▸ **Your task**: Pictures should be left out while the data beneath this task is written out word for word.

▸ **Source material**:
- - -
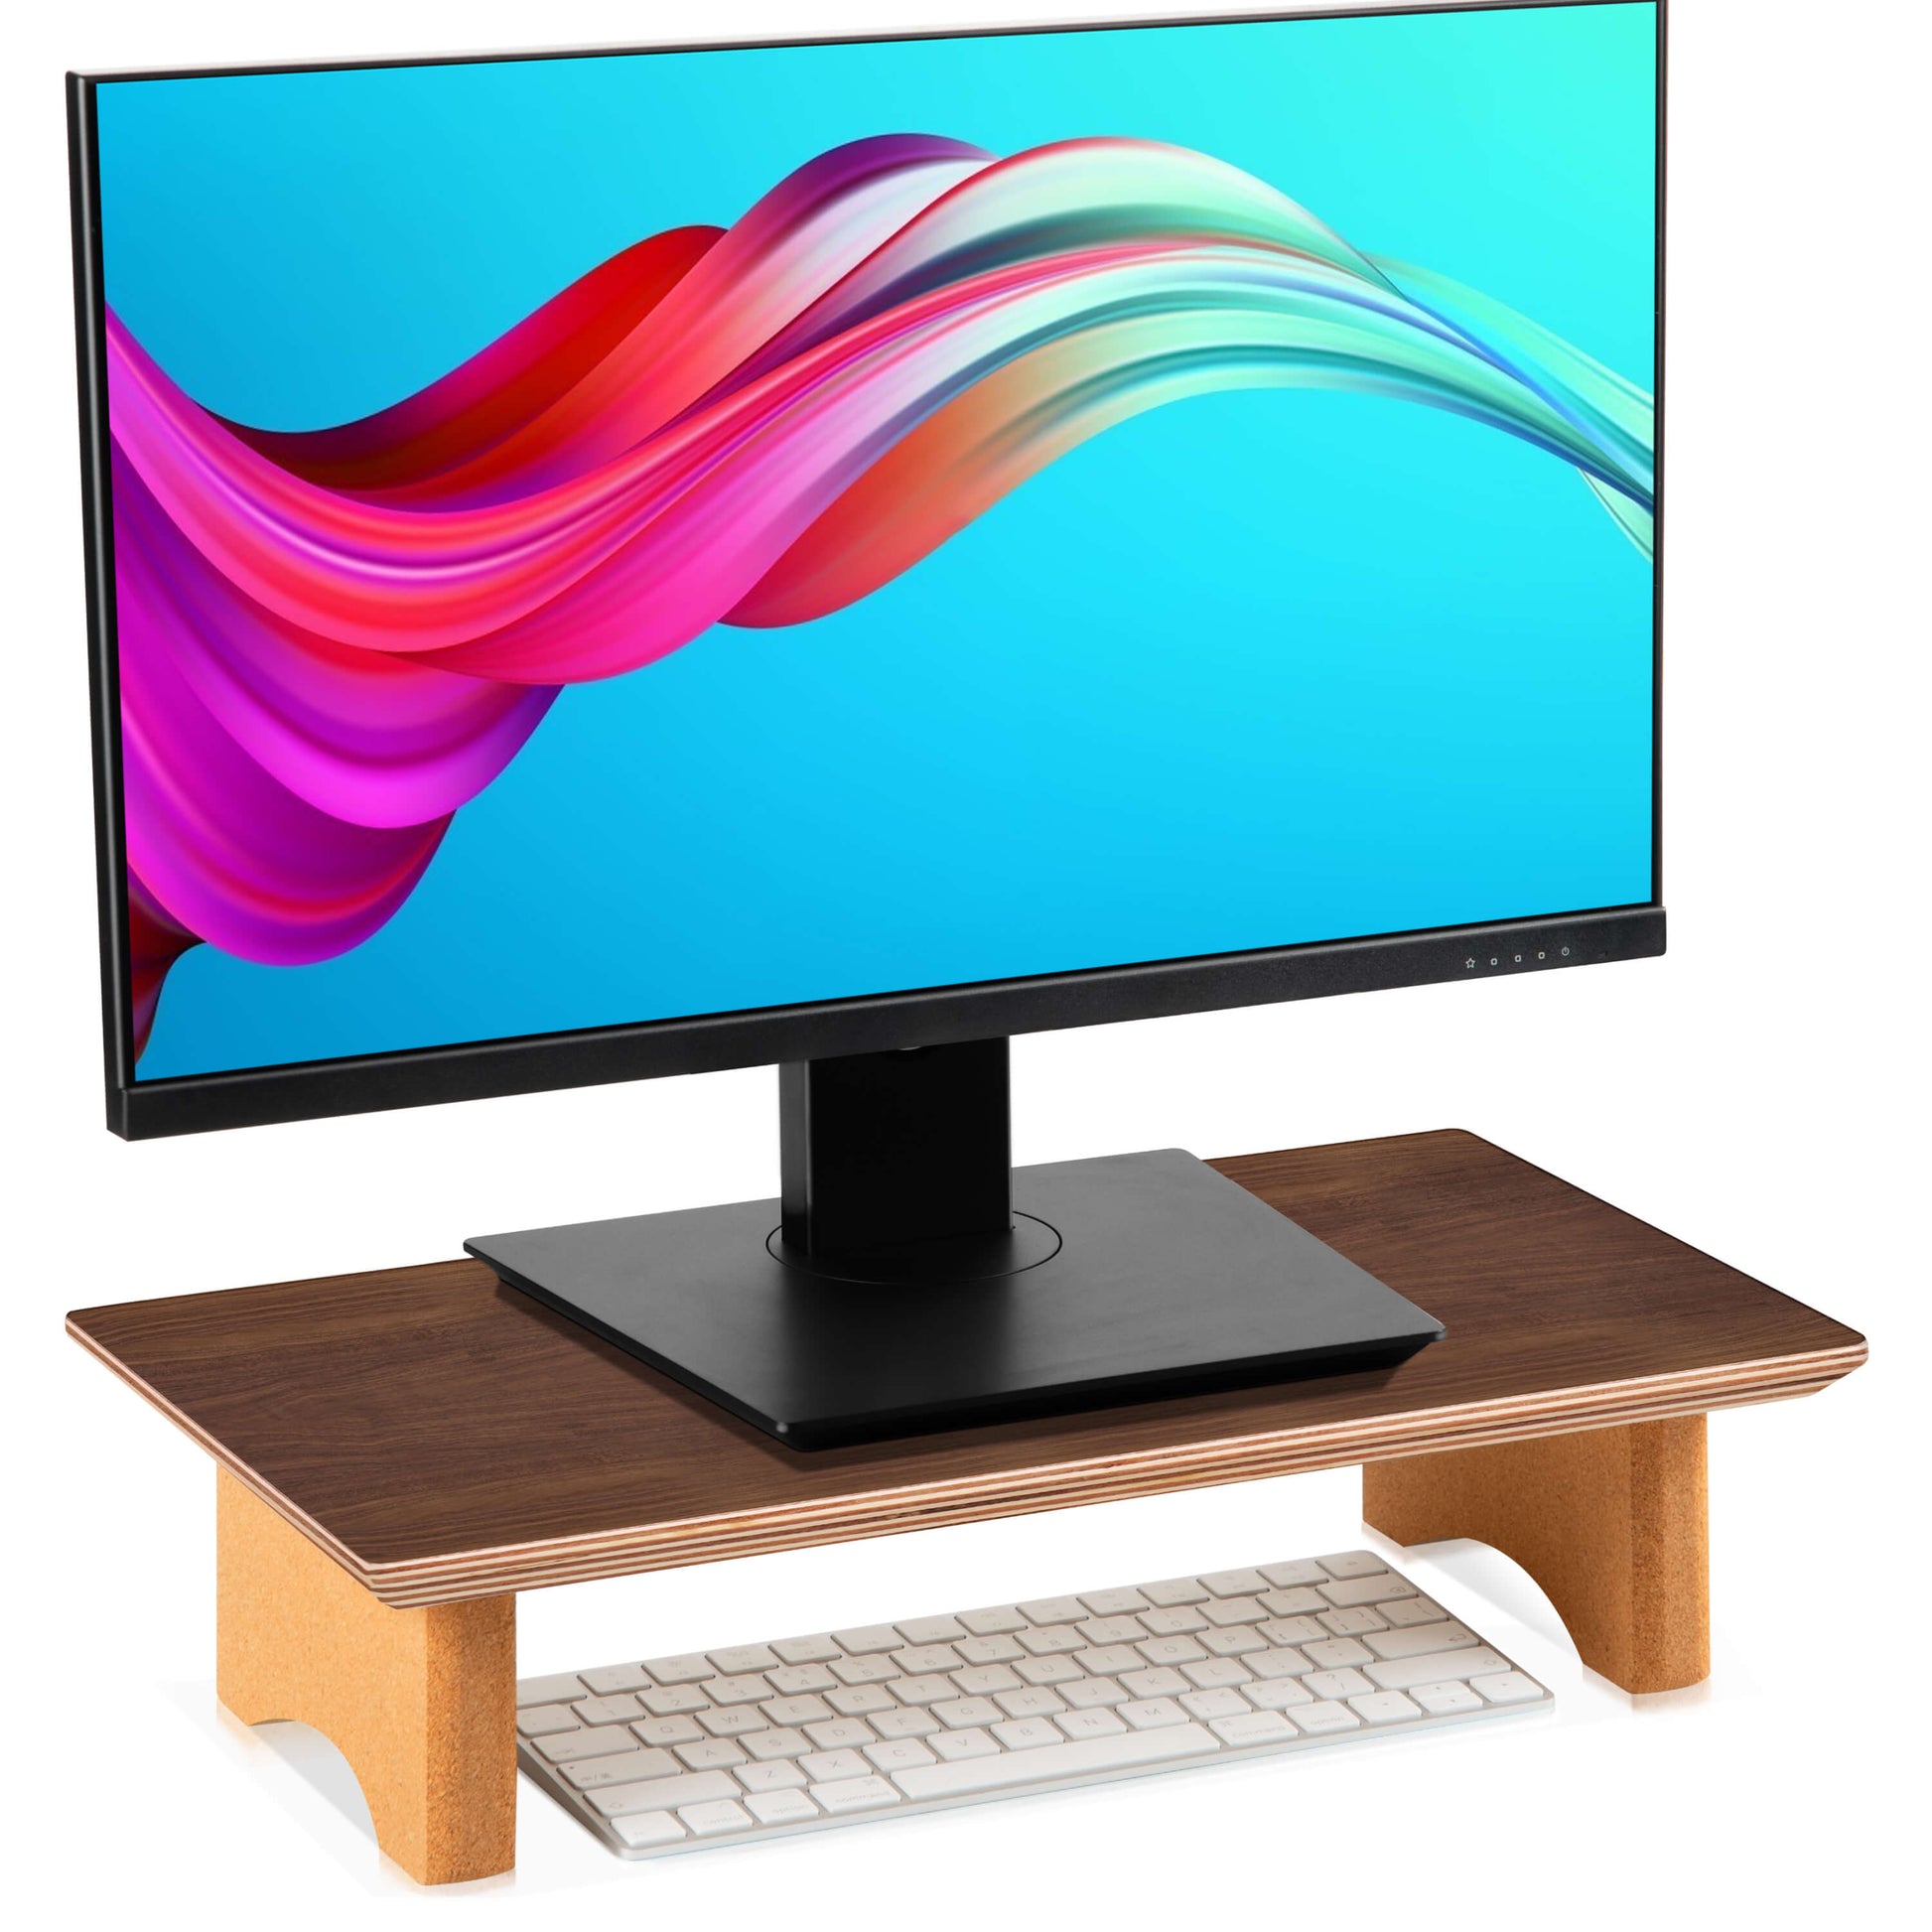 Aothia Wood Desktop Stands for Laptop
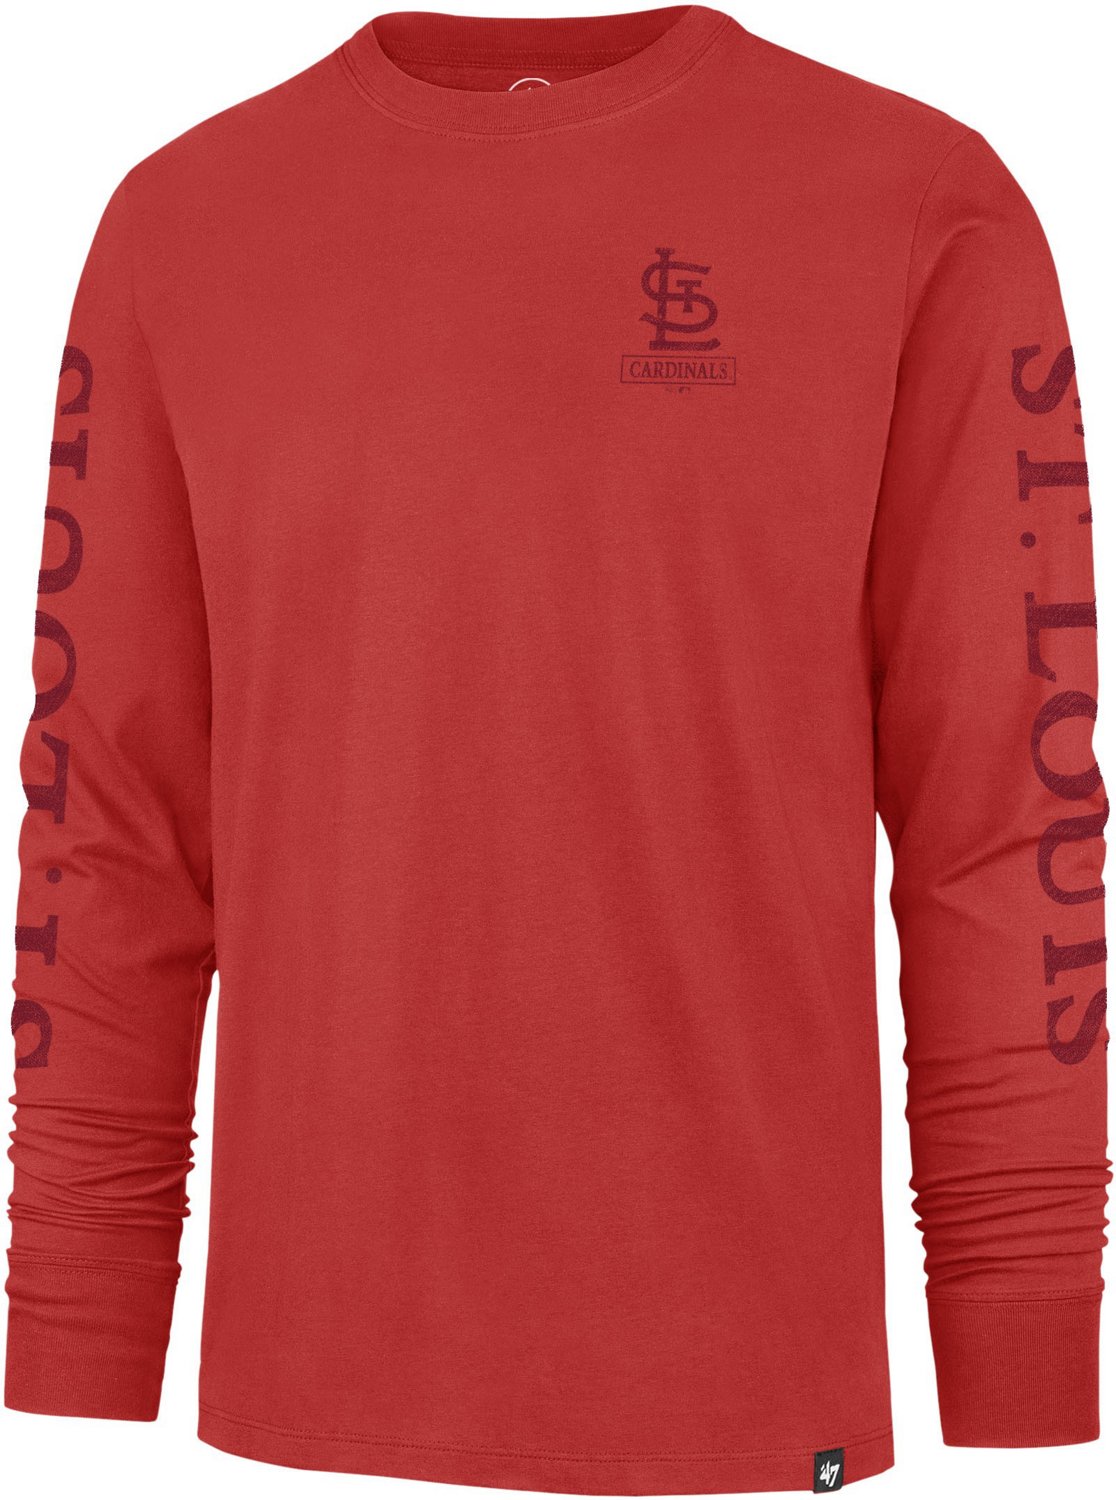 St Louis Cardinals Shirt 
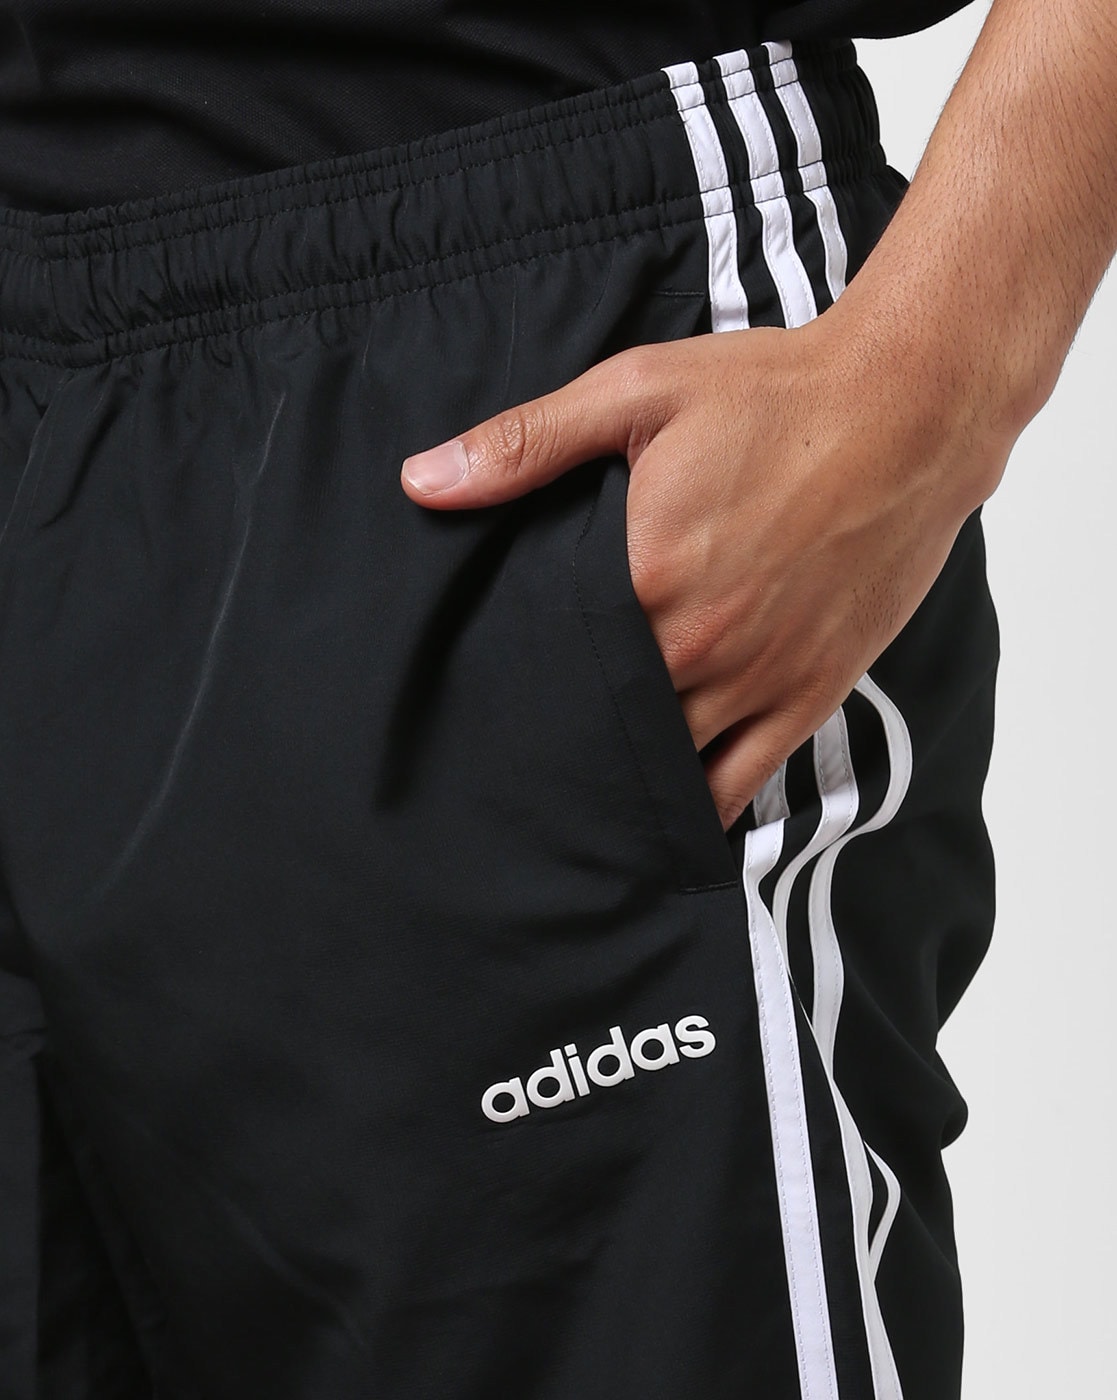 adidas Soccer Pants for Men for sale  eBay
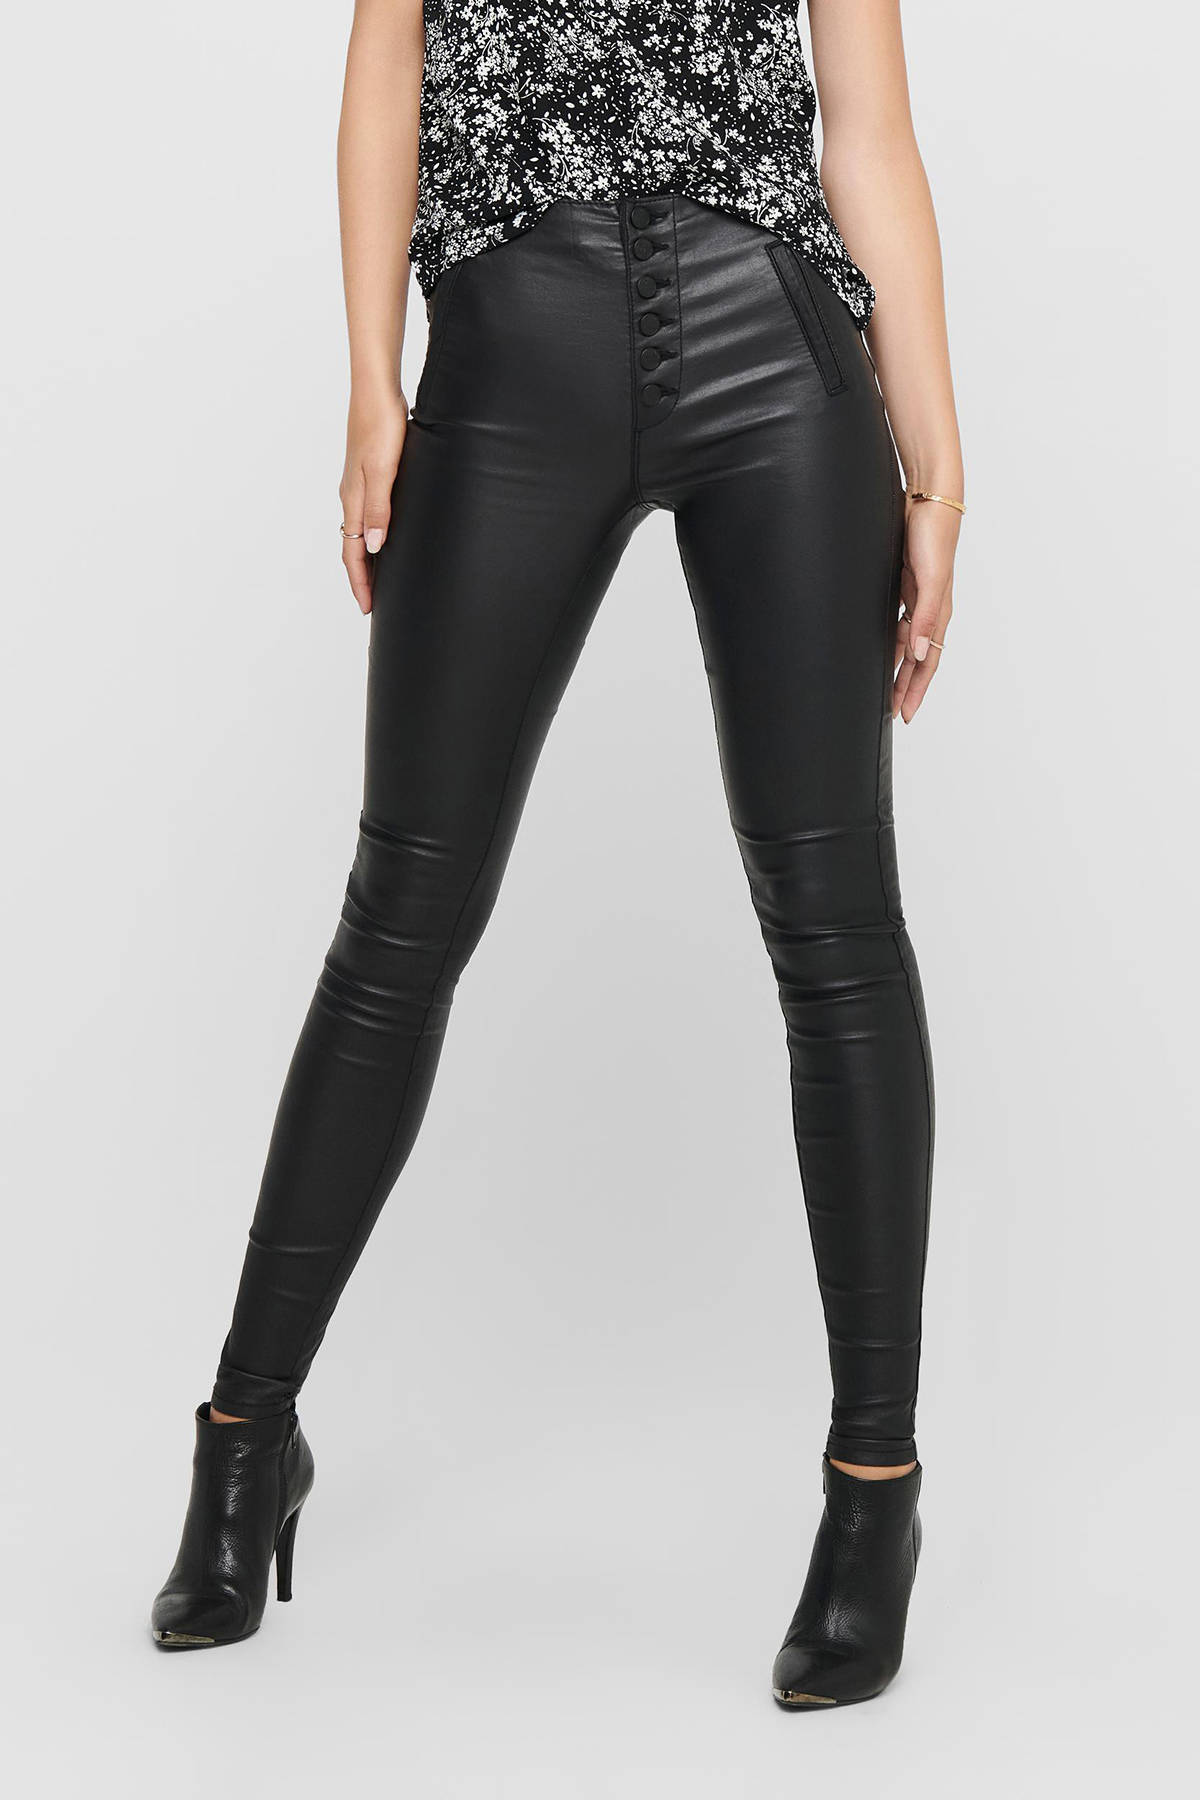 wehkamp Dames Kleding Broeken & Jeans Jeans High Waisted Jeans Coated high waist skinny broek ONLROYAL zwart
- - -
▸ **Exercise output**:
 Aothia Wood Desktop Stands for Laptop
 St Louis Cardinals Shirt 
 adidas Soccer Pants for Men for sale  eBay
 wehkamp Dames Kleding Broeken & Jeans Jeans High Waisted Jeans Coated high waist skinny broek ONLROYAL zwart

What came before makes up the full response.